It is curious that many features of the Patient Protection and Affordable Care Act (or “Obamacare” for its enthusiasts) in fact do very little to make health care more affordable for Americans. A case in point is the “Health Insurance Tax” (or HIT).
This tax, billed by the law’s supporters as a “fee” charged to health insurers, is actually a funding mechanism for the flawed Affordable Care Act that is ultimately borne by individuals. Rather than a fee placed upon insurance companies, the HIT functions like a sales or excise tax on health insurance paid directly by enrollees in the form of increased premiums.
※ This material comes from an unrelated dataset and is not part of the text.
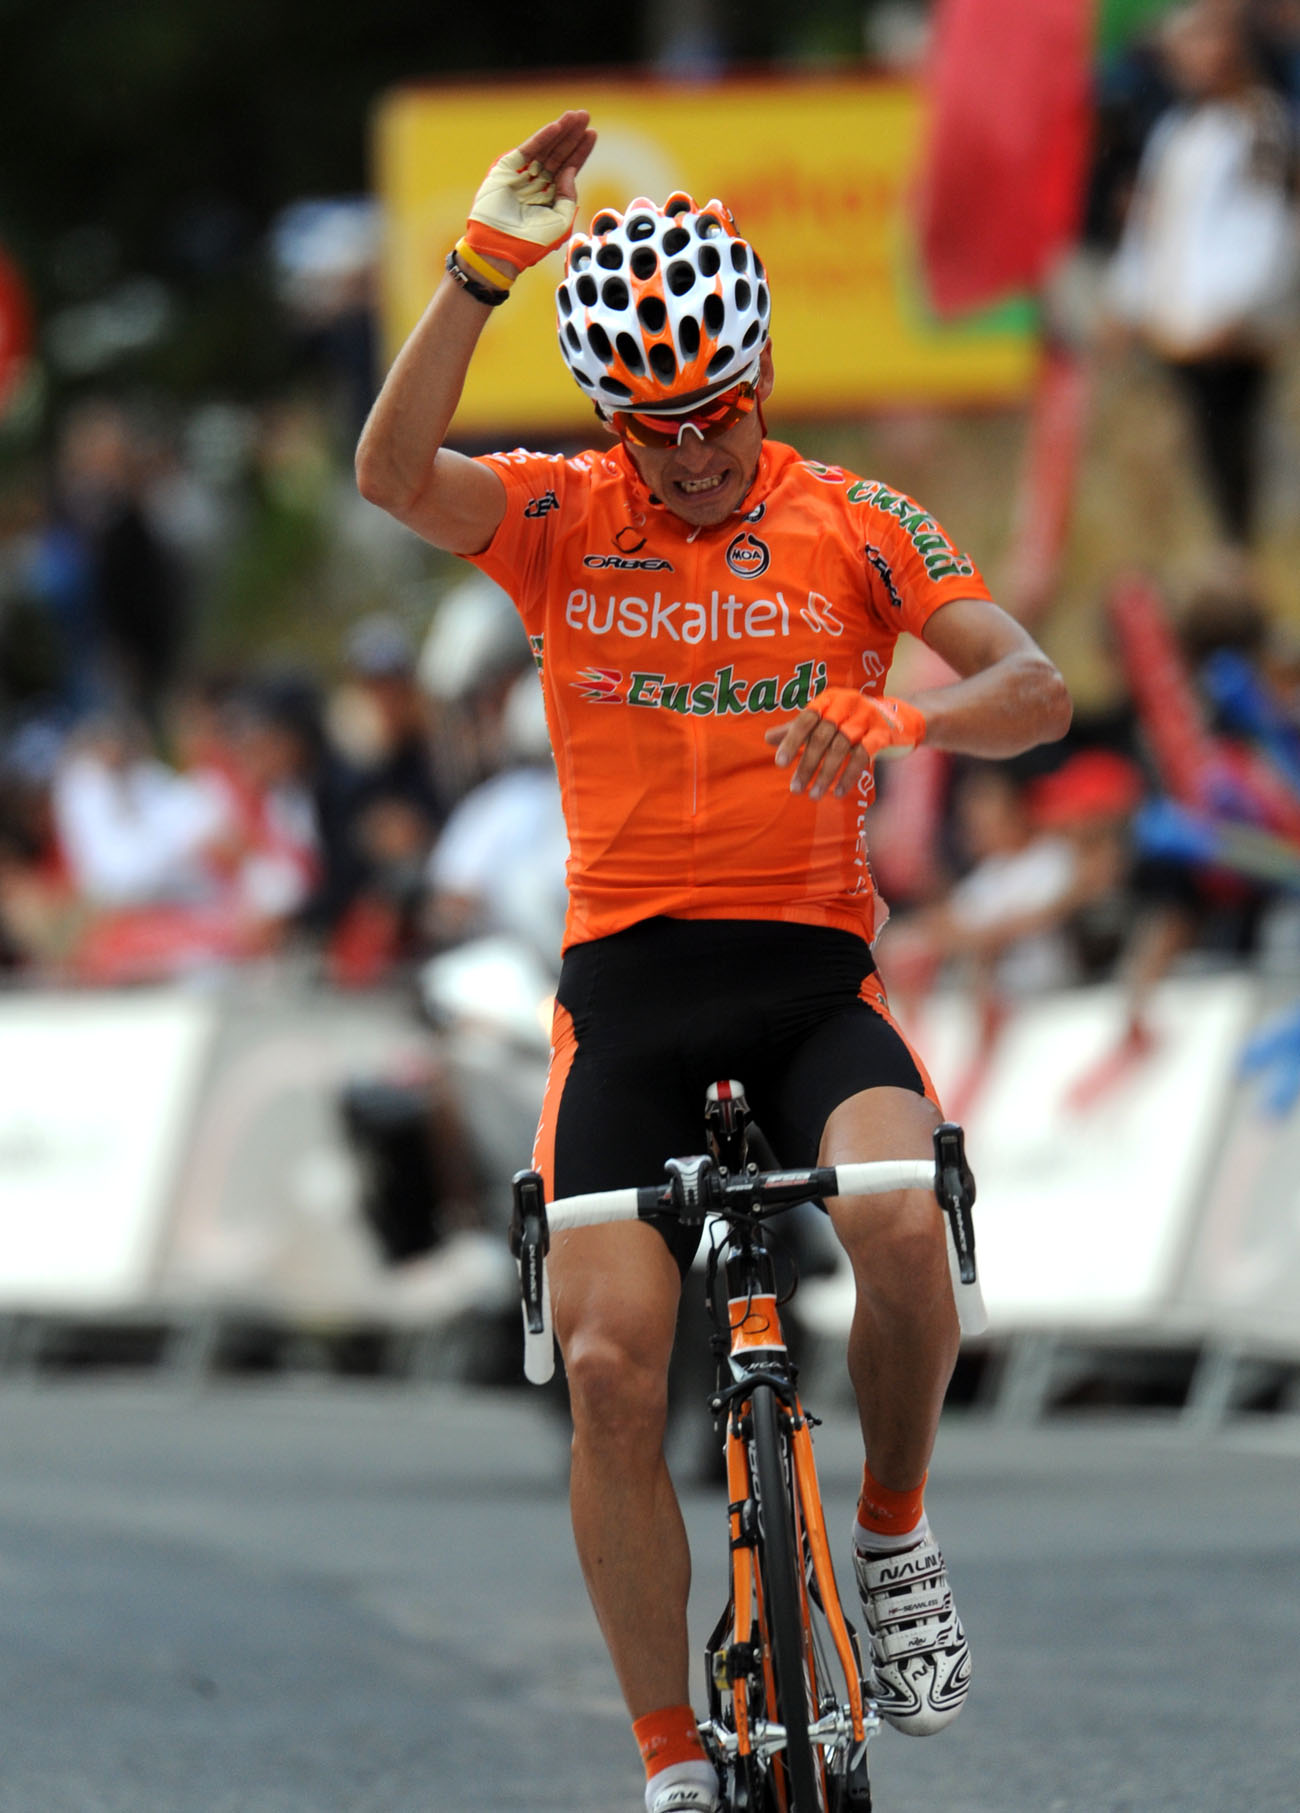 Igor Anton, Vuelta a Espana 2010, stage 11
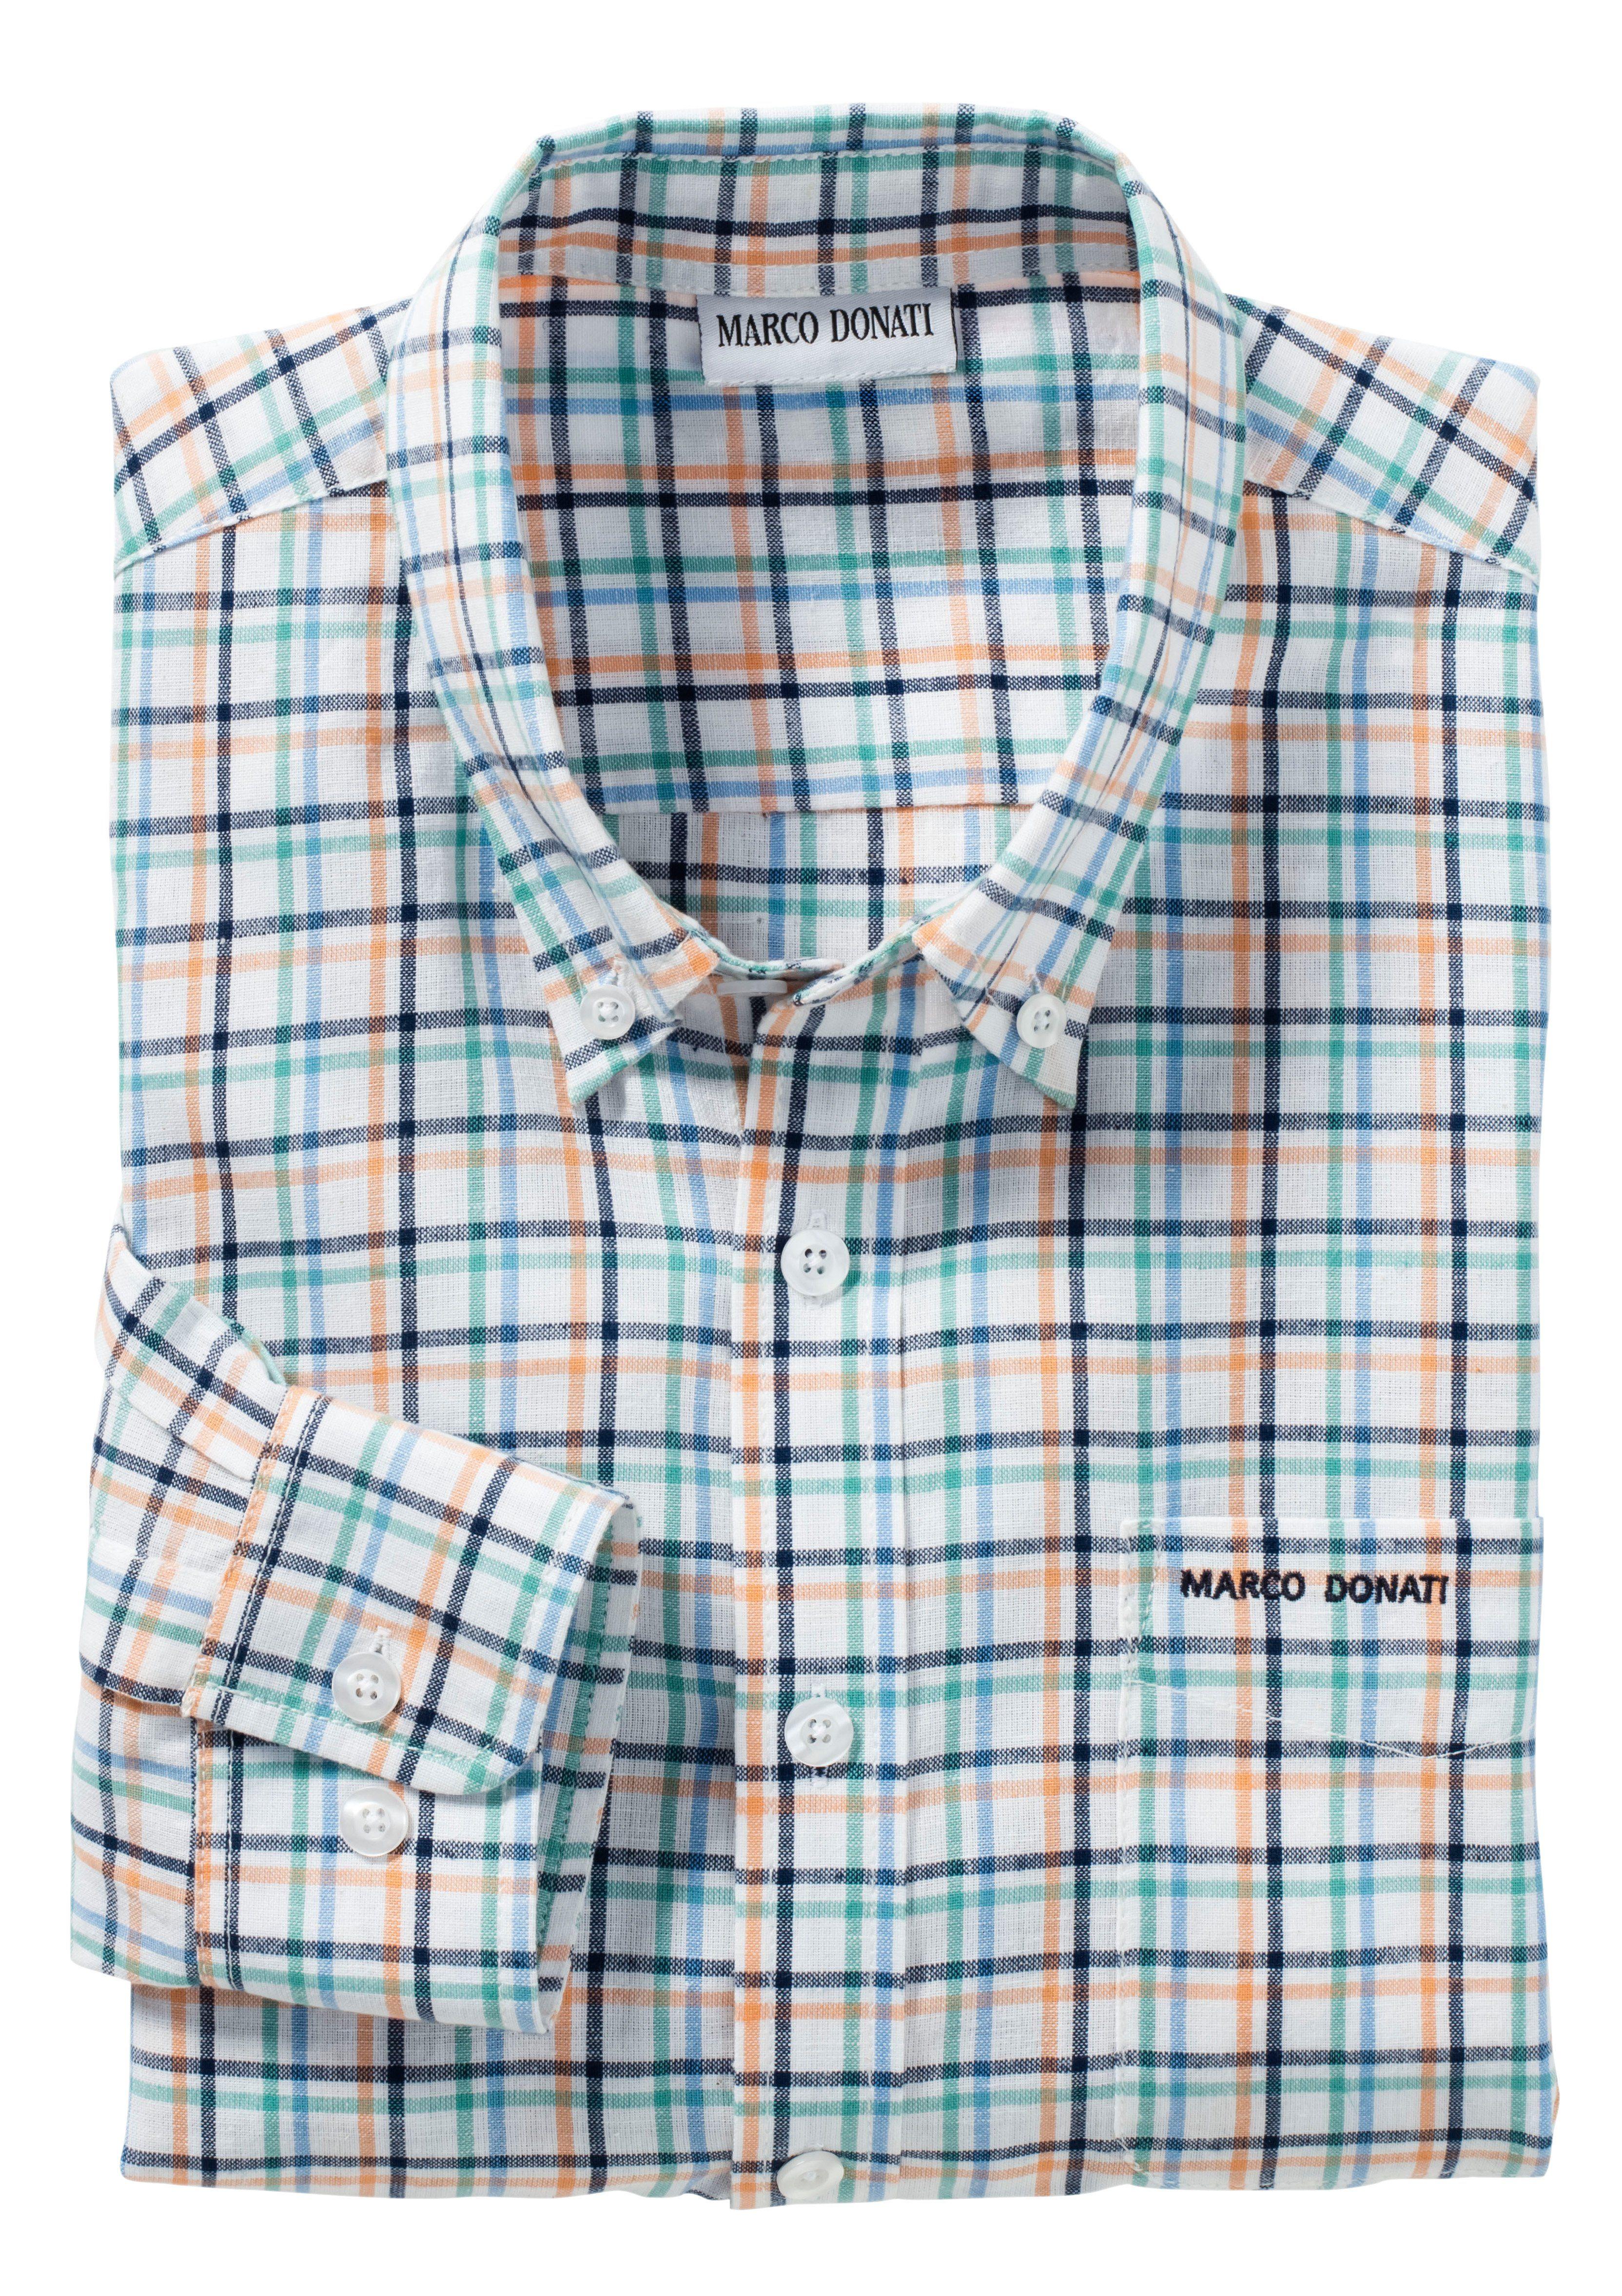 Marco Donati Langarm-Hemd in Leinenstruktur

Here’s how it works: a determined fixed-dollar fee amount is distributed across almost all health-insurance providers. This fee functions essentially as an excise tax in the private market that serves most small-business employers and those who purchase policies individually, both on- and off-Affordable Care Act exchange plans. The tax began in 2014 at $8 billion and, prior to its temporary halt, reached a total of $11.3 billion nationwide.
Congress has taken common sense, bipartisan action to suspend the tax in the past, but the current moratorium on the Health Insurance Tax is set to expire at the end of this year. If this is allowed to happen, collection of the HIT will resume in 2020 and Texas businesses and health care consumers will face more than a billion dollars in premium increases in the next 15 months. That is unless Congress acts before January to repeal or delay the tax.
If the tax is not repealed or delayed, a recent analysis by the global consulting firm Oliver Wyman found that, beginning in 2020, Texans will be on the hook for $1.5 billion in additional premiums, causing average Texas families to see an increase of about $500 in their health-insurance premiums. Seniors and individuals with disabilities will be saddled with similar increases in their Medicare Advantage plans, individual consumers can look forward to a $170 increase and taxpayers will bear the additional brunt of a $400 million hit to the Texas Medicaid budget — all compliments of the HIT.
Congress and the Trump administration have already taken numerous actions over the past two years to address some of the most egregious and harmful elements of the Affordable Care Act, essentially ending the individual mandate by eliminating the tax penalty for those who do not choose to purchase health insurance, and expanding access to more affordable coverage options outside of the ACA marketplace.
The Health Insurance Tax is emblematic of the Affordable Care Act’s misguided efforts to improve the health-insurance marketplace and make insurance more affordable. At its core, the tax is akin to a sales tax on health insurance — raising costs and actually making coverage more unaffordable and therefore less attainable for many Americans.
This tax increase will not only further damage the health-care marketplace, but it could also impact Texas’ thriving business-friendly economy. For employers, the increasing cost of health care makes it far more difficult to hire additional people and make investments needed to expand businesses. Estimates show that this tax will stifle job creation to the tune of hundreds of thousands of jobs lost and will cost small employers at least $210 more per employee and $530 per family per year.
Congress should take action this year to fully repeal, or at least further delay, the Health Insurance Tax to avert the damage it will do to Texas businesses and taxpayers.